I looked down. A ball of rice and two silvery fish heads. Maybe there were three. Fish heads? I liked the look of a whole fish on a plate as well as anyone: braised with ginger, or roasted with fennel. I even liked the way a whole fish looked after it was eaten. A charming head and tail and a beautiful skeleton of bones.

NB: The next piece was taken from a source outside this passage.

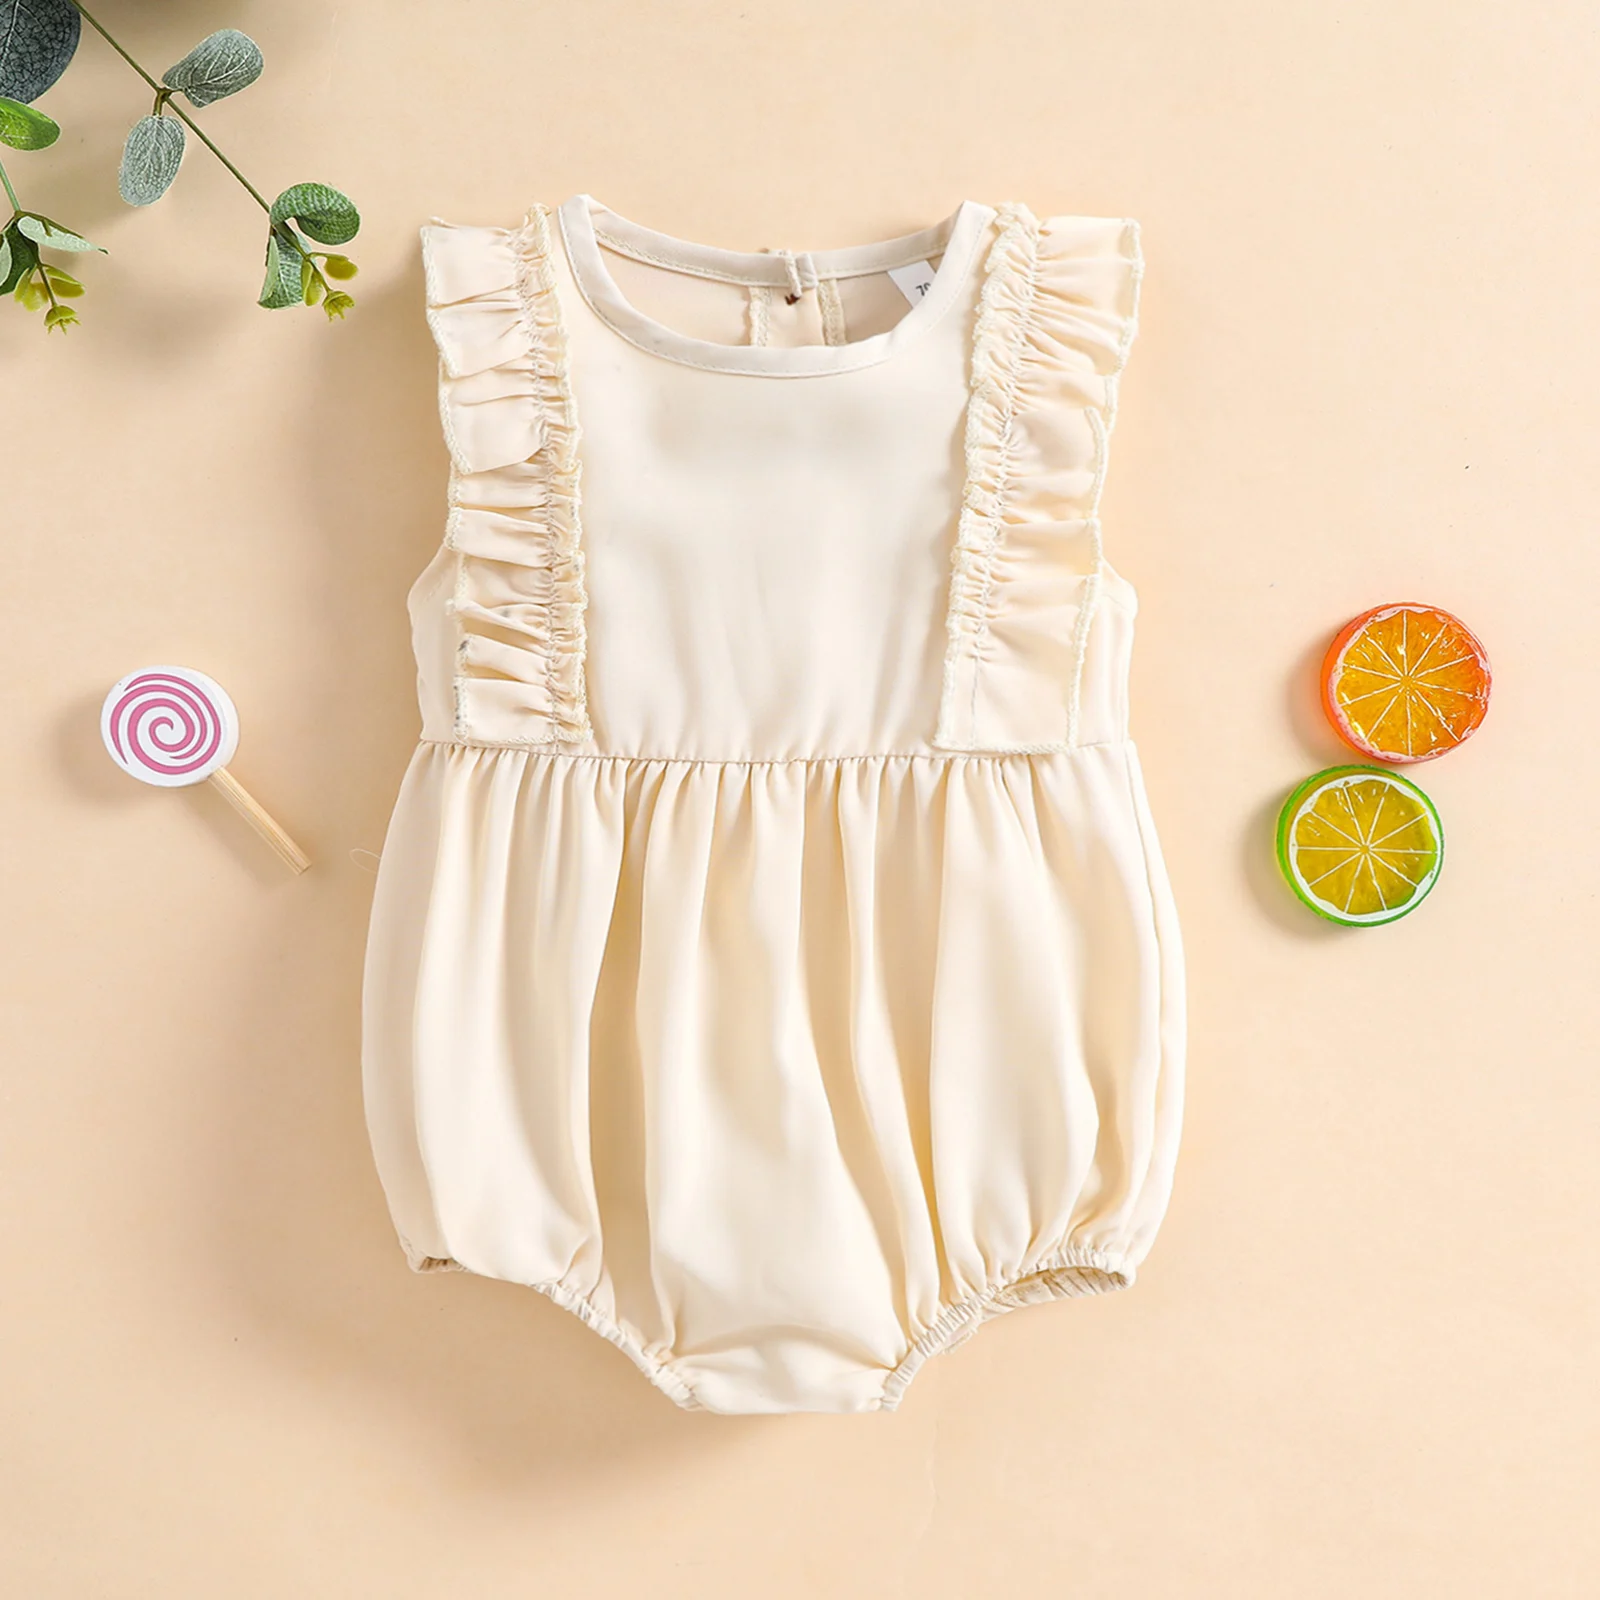 bamboo baby bodysuits	 Ma&Baby 0-24M Newborn Infant Baby Girls Romper Ruffle Button Jumpsuit Playsuit Summer Girl Clothing Costumes D01 bright baby bodysuits

The rice was gummy, the fish heads were small, stuck in the rice, eyes staring. I didn’t know what to do with them except look for a cat! My companions, English and Australian, gave back their plates and left the line empty-handed. They hadn’t liked the Christmas turtle soup or the lacquered goose poised in flight. They pooled their money with a plan to bribe the crew. I decided not to give up. I was very hungry. I took my tin plate and went back to my place on the deck. I formed some rice into a ball with my fingers and shoveled it into my mouth with my thumb. The fish heads looked at me. I picked one up and studied it. I poked at it with my fingers and found a small round of sweet white flesh at the cheek. And more to eat in the furrow at the top of the head, and above the eyes, at the forehead (if fish have a forehead). I broke it apart and sucked the bones. I ignored the eyes and gelatinous bits (personally, aspic gives me shivers) and I started on the second head. I finished the rice. I rinsed my fingers and my plate. My travel friends, meanwhile, had managed to score a pineapple and a bag of mandarins for a small fortune. They set about rationing like shipwrecked sailors. I accepted a mandarin section. I have always liked fruit after a meal. I unzipped my sleeping bag and lay down on the deck. I dreamt of fish heads.

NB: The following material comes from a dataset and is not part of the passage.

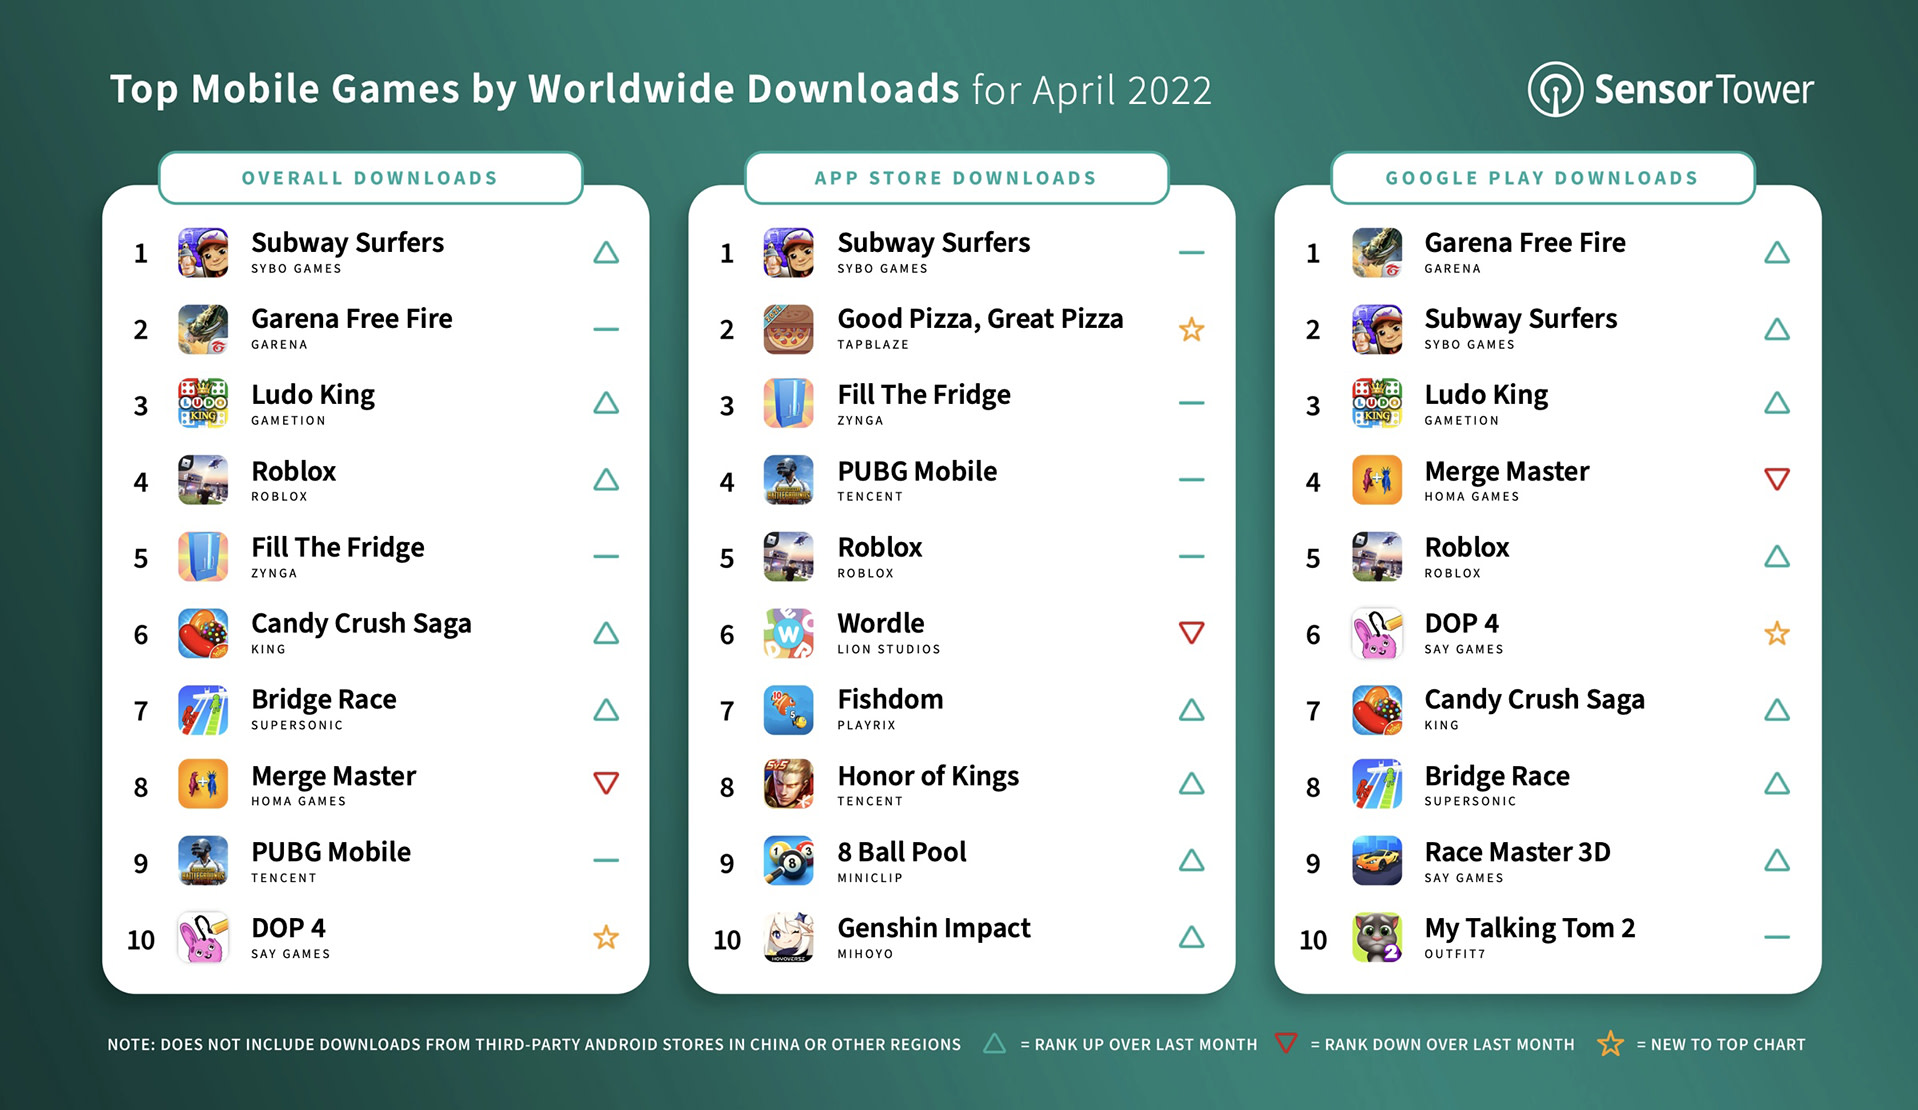 Top Mobile Games Worldwide for April 2022

The next day lunch was fish heads and rice and dinner was fish heads and rice. Twice a day, every day, for seven days, I ate fish heads. I found more tasty bits. I found the joy in fish heads. I smiled at the babies. I breathed in the sea air.

The ship ultimately left us, not in Singapore, but on a tiny island off Malaysia that had never seen a tourist, where the police were kind enough to put us up in a jail cell for the night, and for another small fortune, we hired a boat to take us to Singapore. We went straight to Maxwell Road to eat amazing dishes at the open-air market: Hokkein mee (fried prawn noodles), Hainanese chicken rice, chili crab. I didn’t miss the fish heads. But I’ve never forgotten them.

There was an old Italian man in my neighborhood who had served time in Alcatraz. In “the hole,” he said, they fed him bread and water. “I’d put the bread aside,” he told me, “and after two days it tasted like cake . . .” In Indonesia, I learned what he meant.